Furthermore, we conducted pairwise comparisons of WHO z-scores at each follow-up time point (Figure 3). Overall, BF infants consistently demonstrated more favorable growth profiles than SF infants, whereas pHF infants generally exhibited intermediate values and closely approximated the BF group across time. The unadjusted trajectories of WHO z-scores from baseline to 6 months are provided in Figure S1.
Growth velocity was further assessed by calculating the change in WHO z-scores between paired follow-up visits (from baseline to 3 months, 6 months, and 3 months to 6 months, respectively).

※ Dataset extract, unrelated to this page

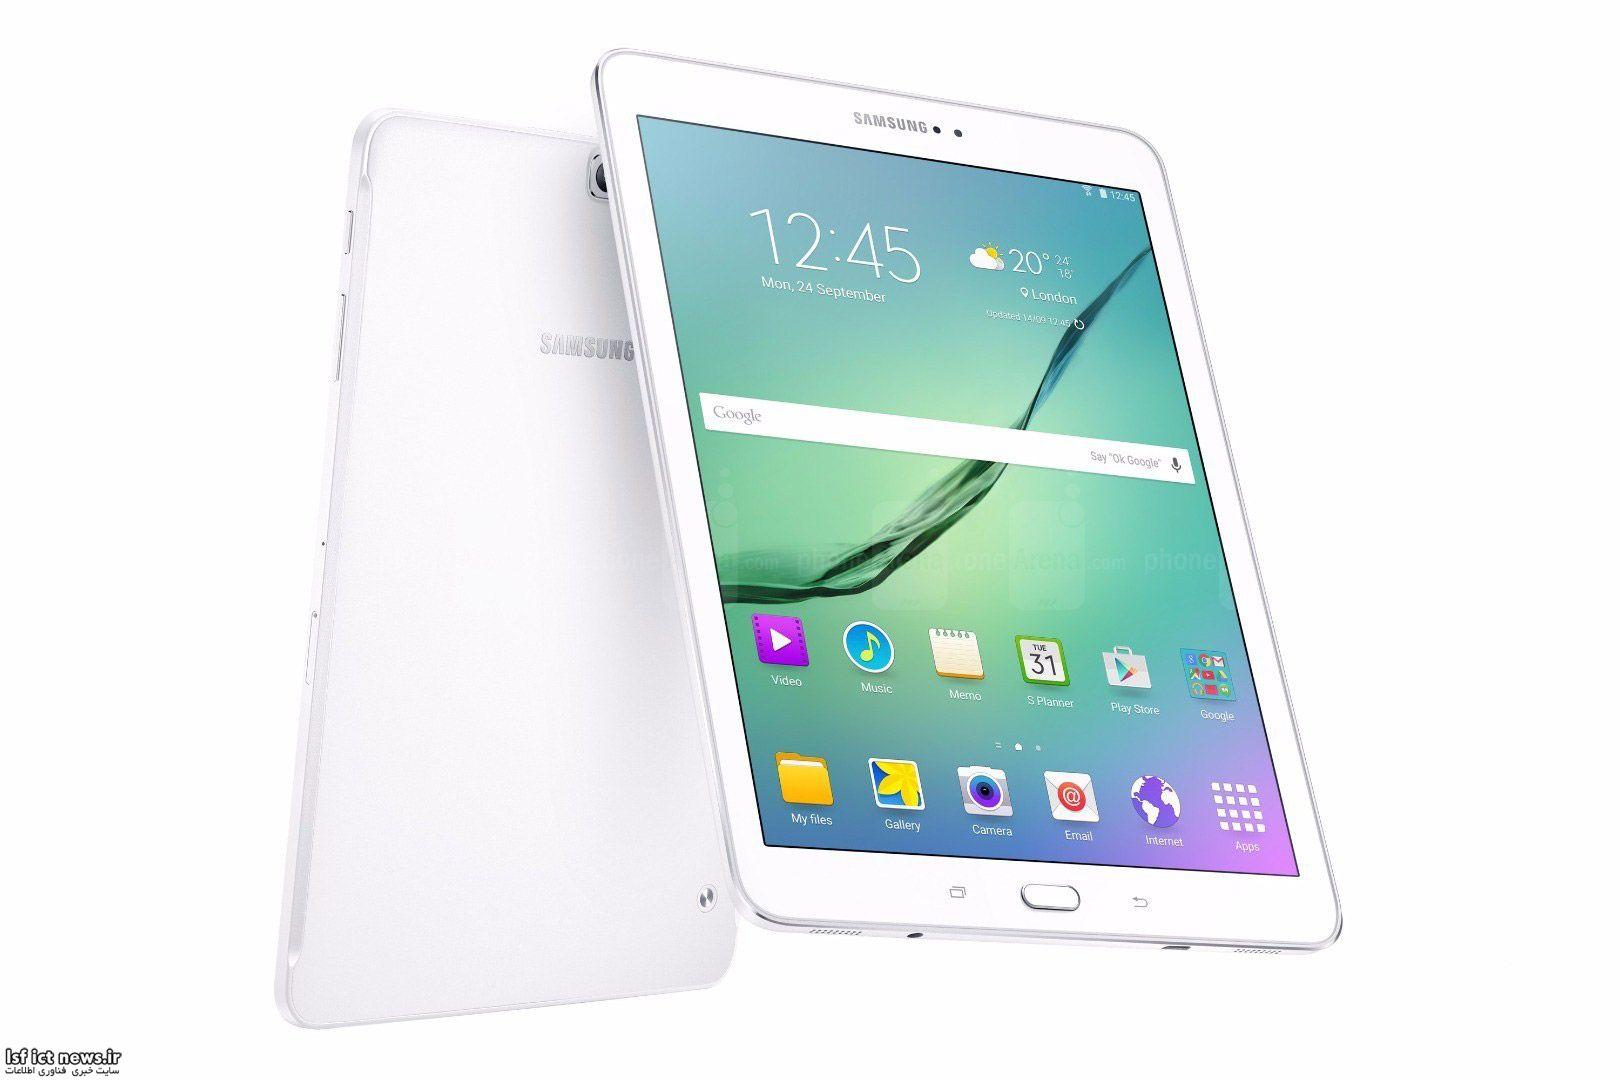 Samsung Galaxy Tab S2 9.7 inch 21

For each of the growth parameters, we compared z scores at any of the two follow-up time points to measure an absolute change between the paired measurements. We used three baseline growth categories: reference range (z score difference, −0.67 to 0.67), rapid (z score difference, >0.67), and slow growth (z score difference, <−0.67). The proportions of growth velocity categories for each group in different time interval are shown in Figure 4. For LAZ, the change from baseline to 3 months differed significantly among feeding groups. As shown in the figure, gradual growth was observed in 51% of BF infants, compared with 28% in the pHF group and 39% in the SF group. BF infants demonstrated a lower proportion of slow growth compared with pHF (3% vs. 14%) and SF (3% vs. 17%). The differences in HCZ growth velocity among the three groups from baseline to 3 months were marginally significant (p = 0.071). No difference was detected between the other two groups or at other time points.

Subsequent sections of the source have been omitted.